> Aim of the task
An acceptable answer repeats exactly the line containing "Denon D-M33 Car Stereo System User Manual" and all lines that follow it in the listing below, and it includes no pictures.
-- Source data follows --
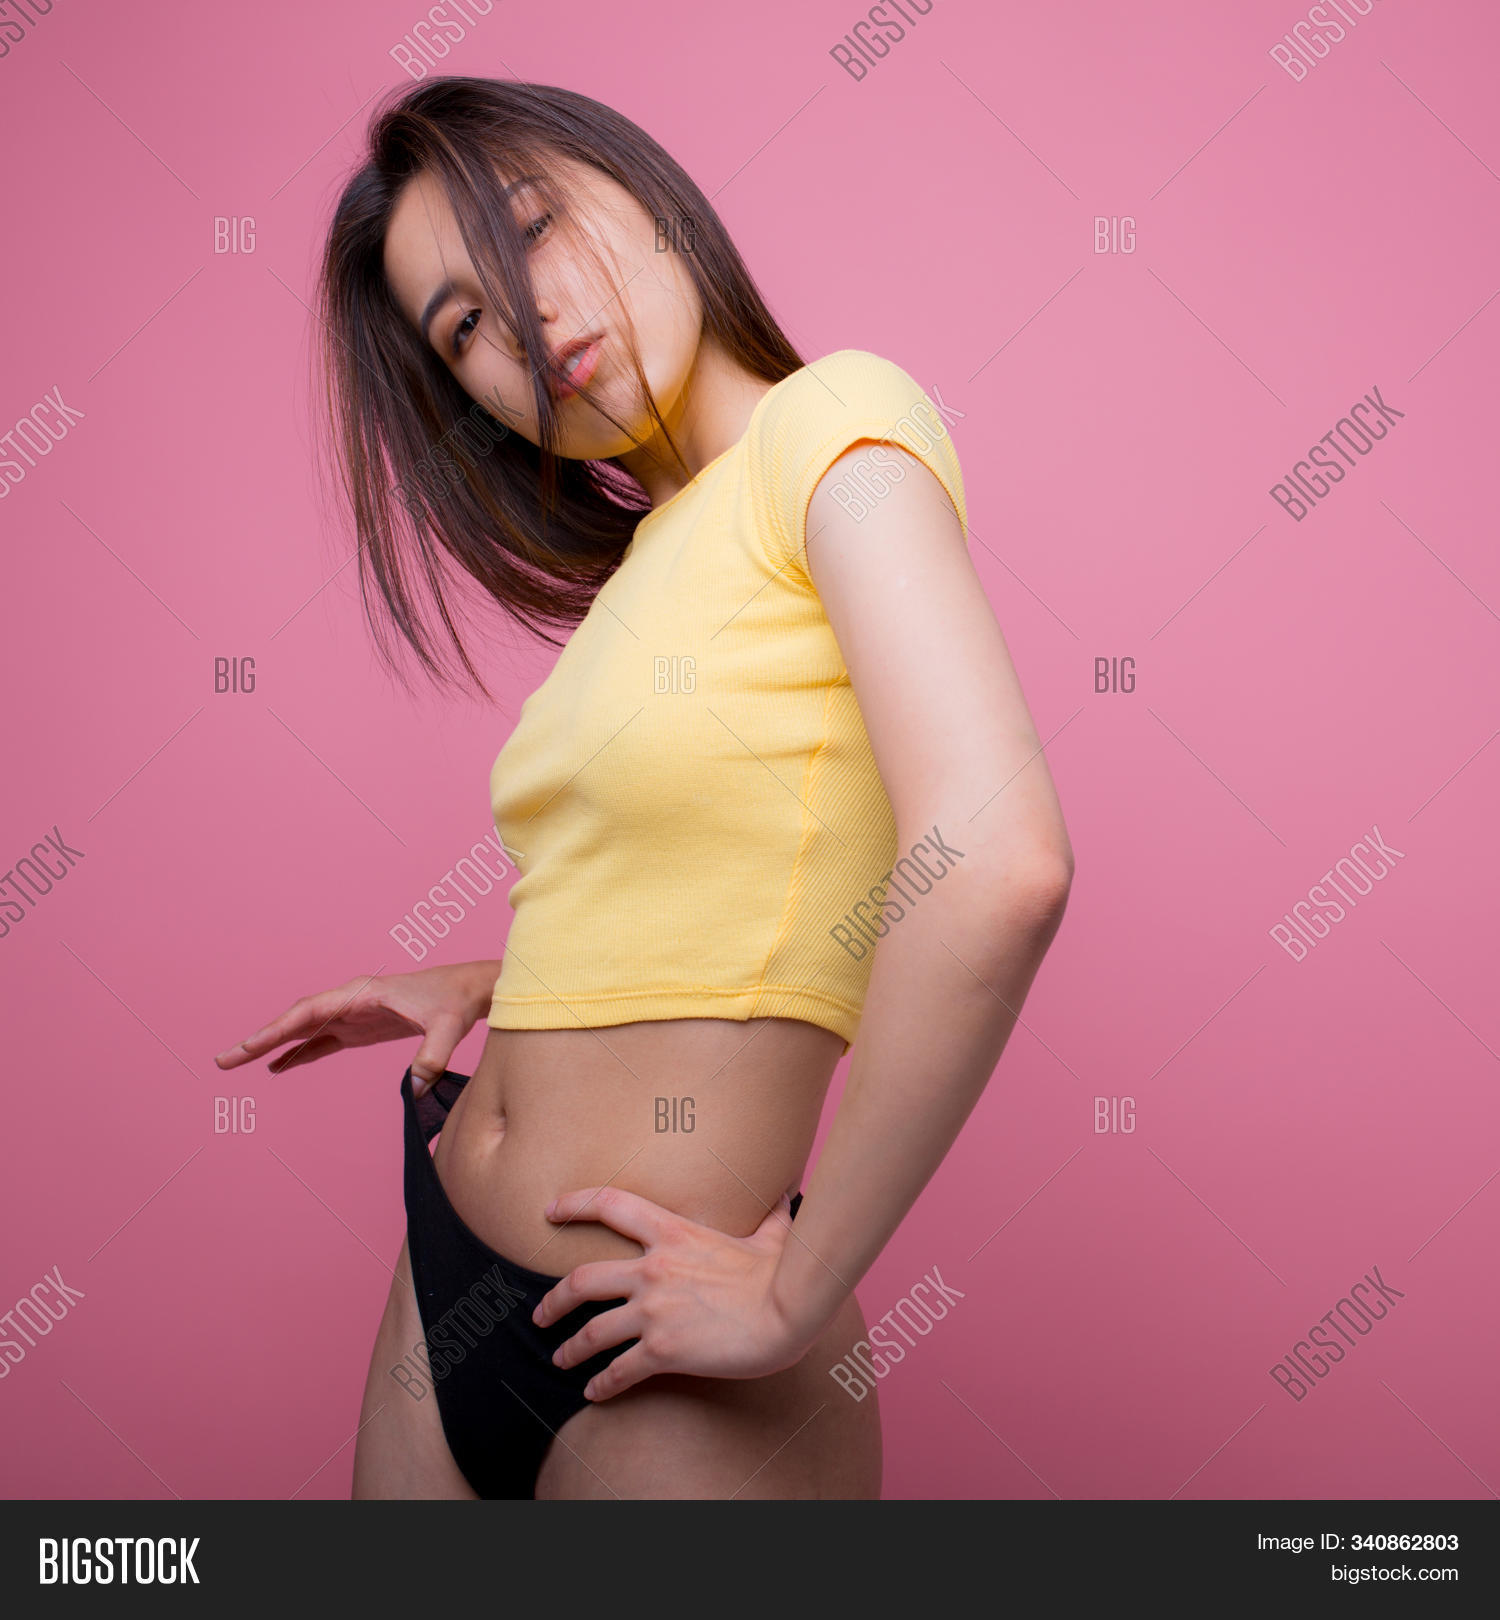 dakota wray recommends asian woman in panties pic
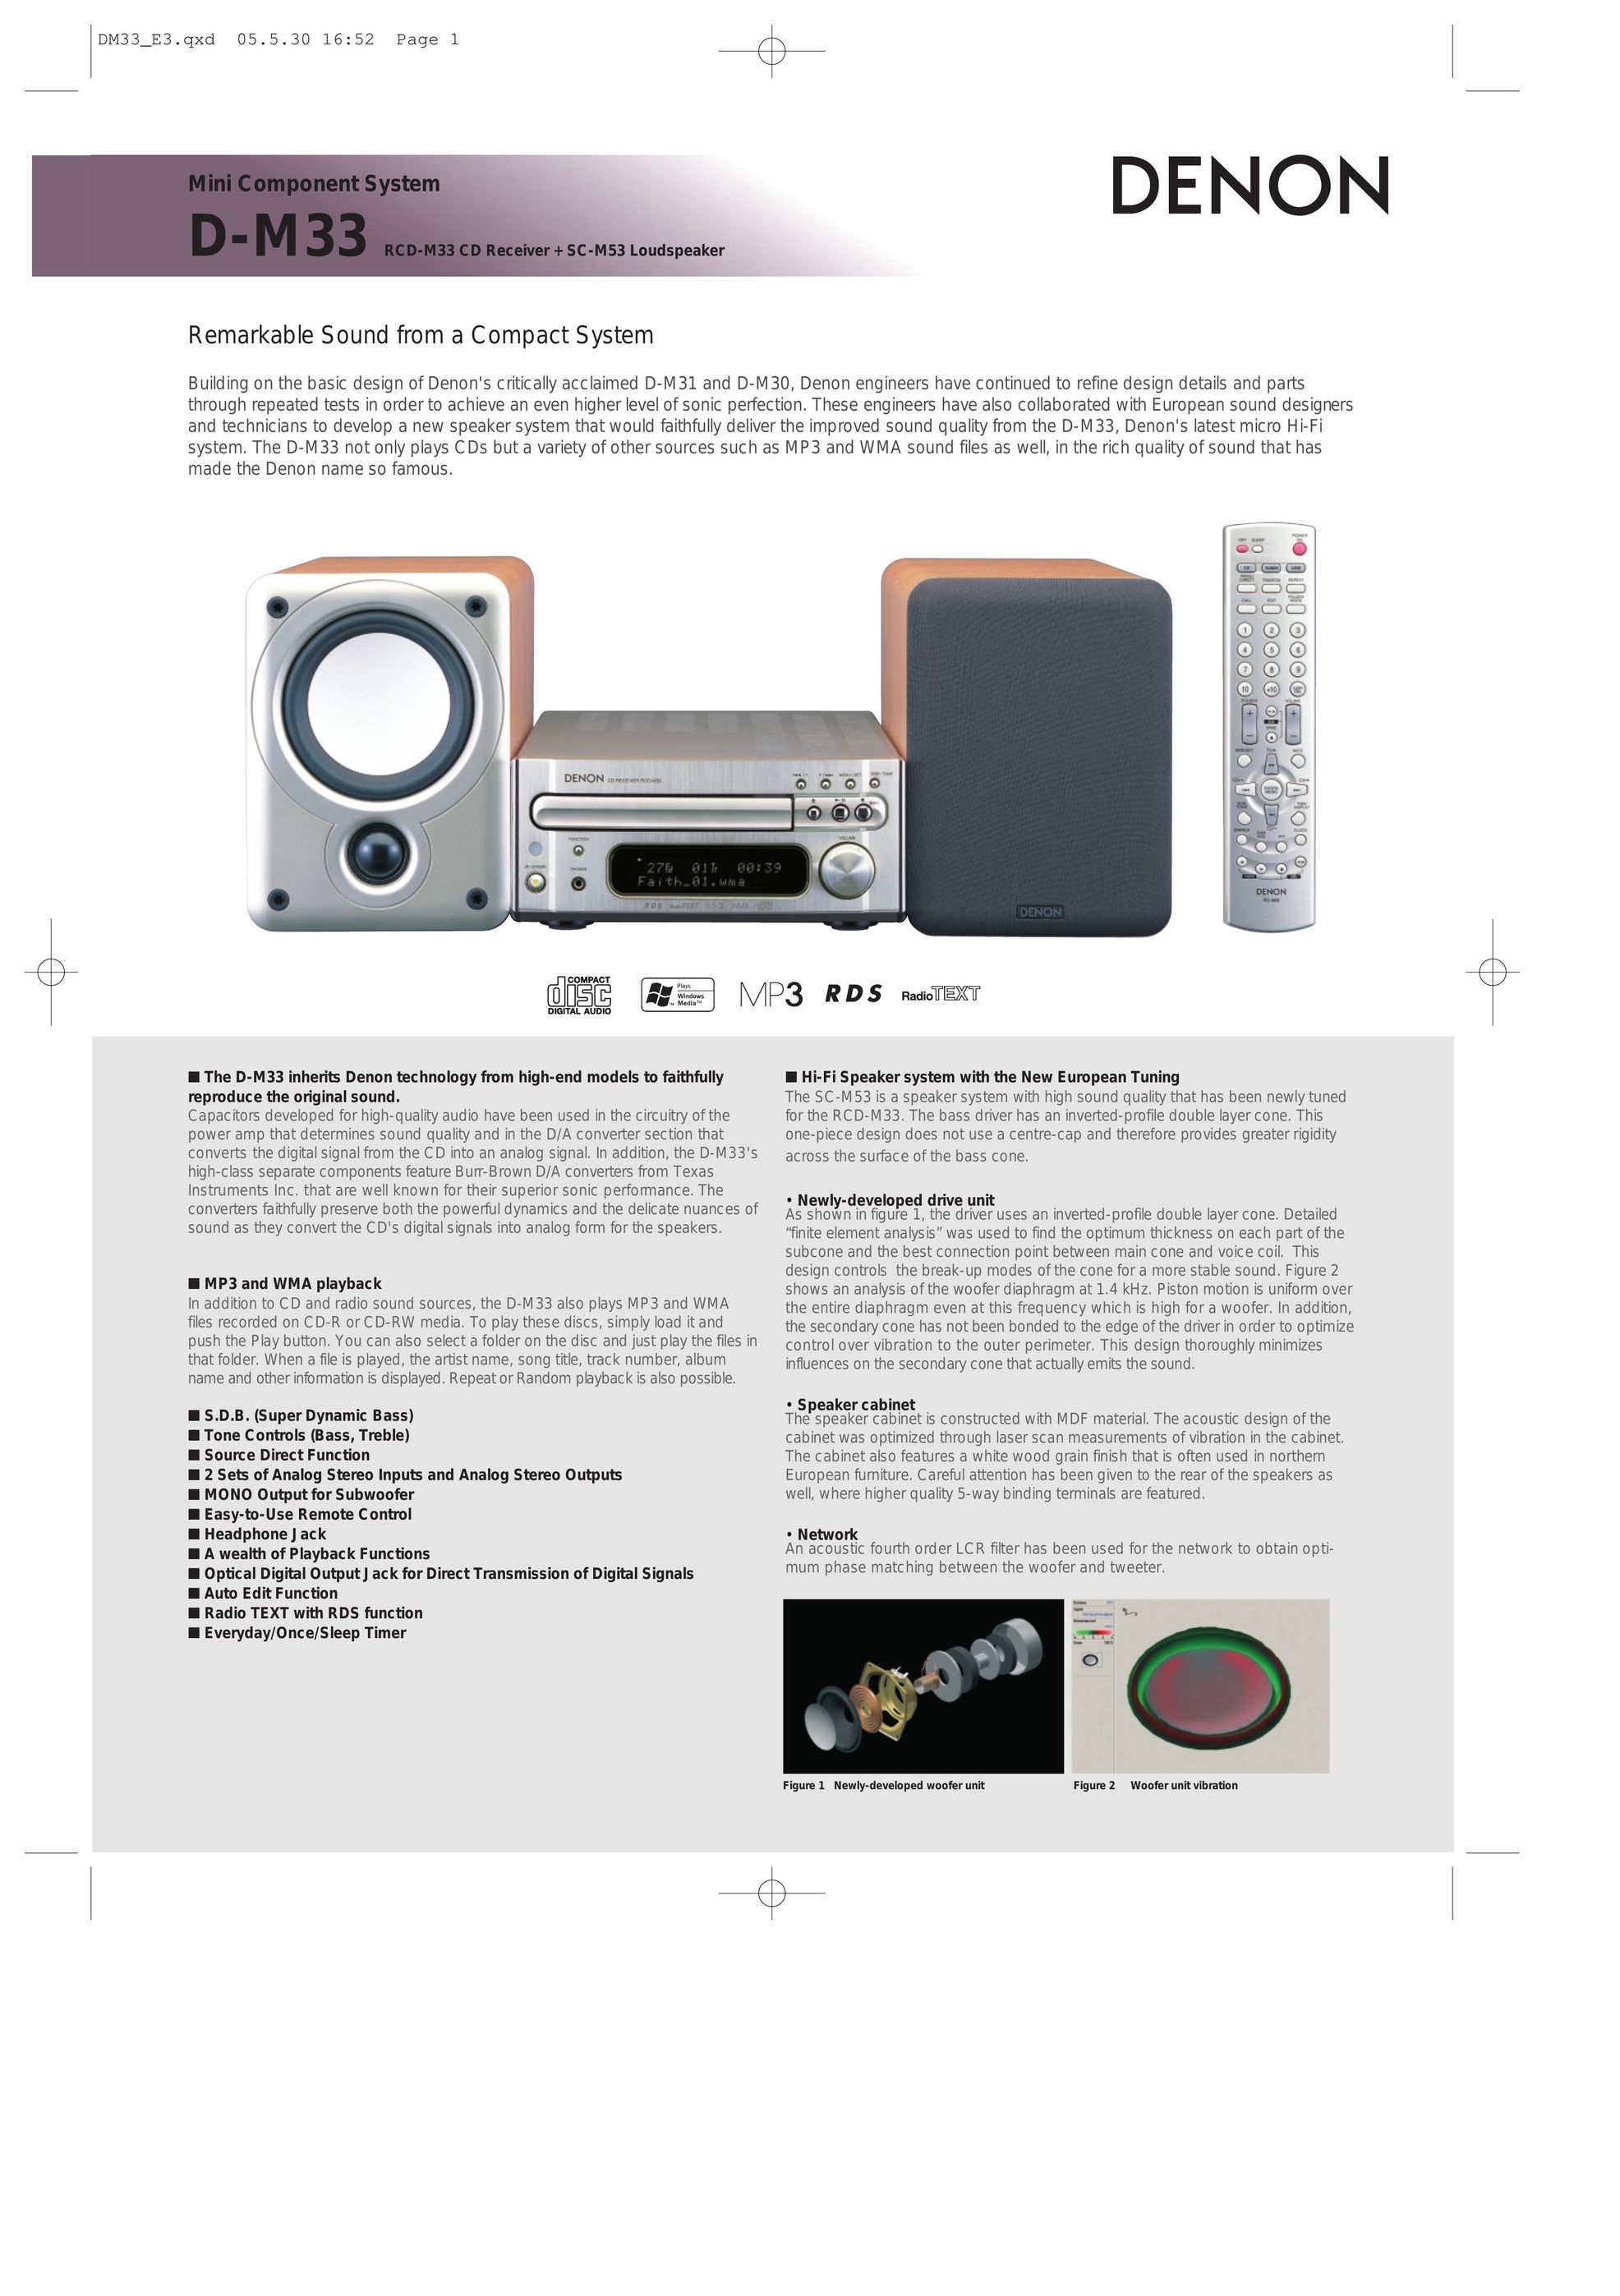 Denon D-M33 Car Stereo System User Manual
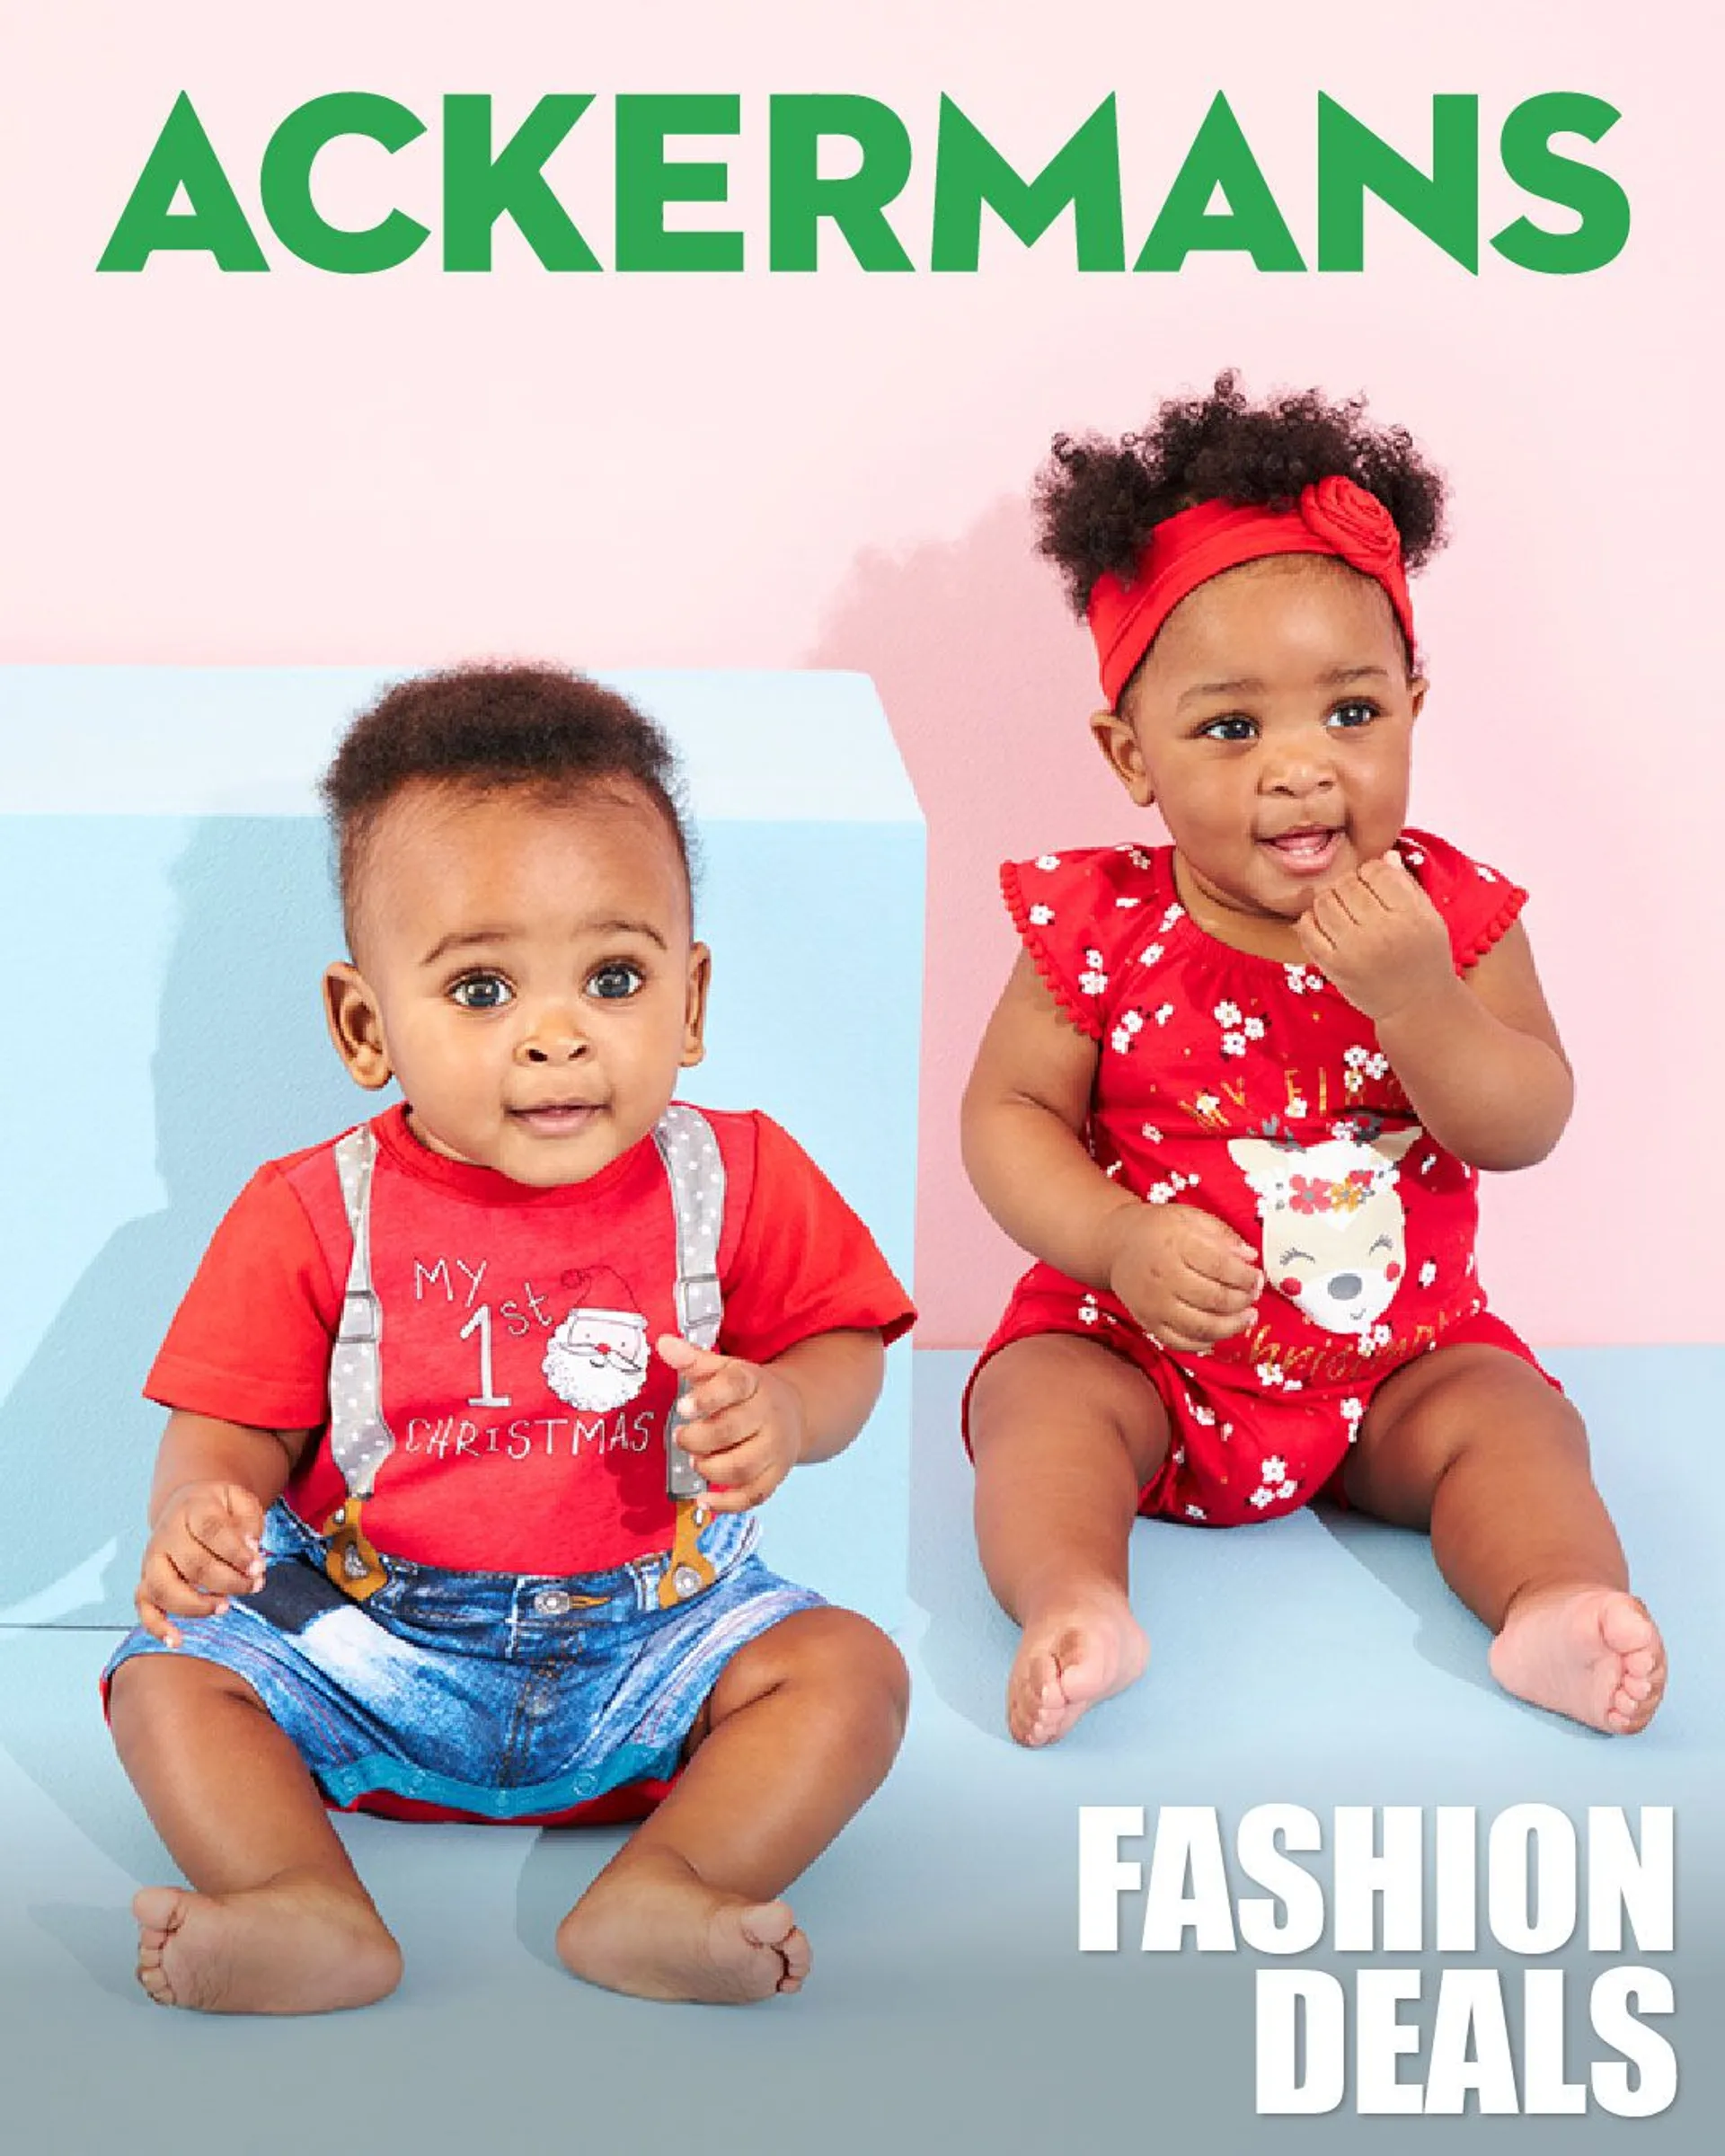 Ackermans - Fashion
-- Source data concluded --
> The completed task
 Denon D-M33 Car Stereo System User Manual
 Ackermans - Fashion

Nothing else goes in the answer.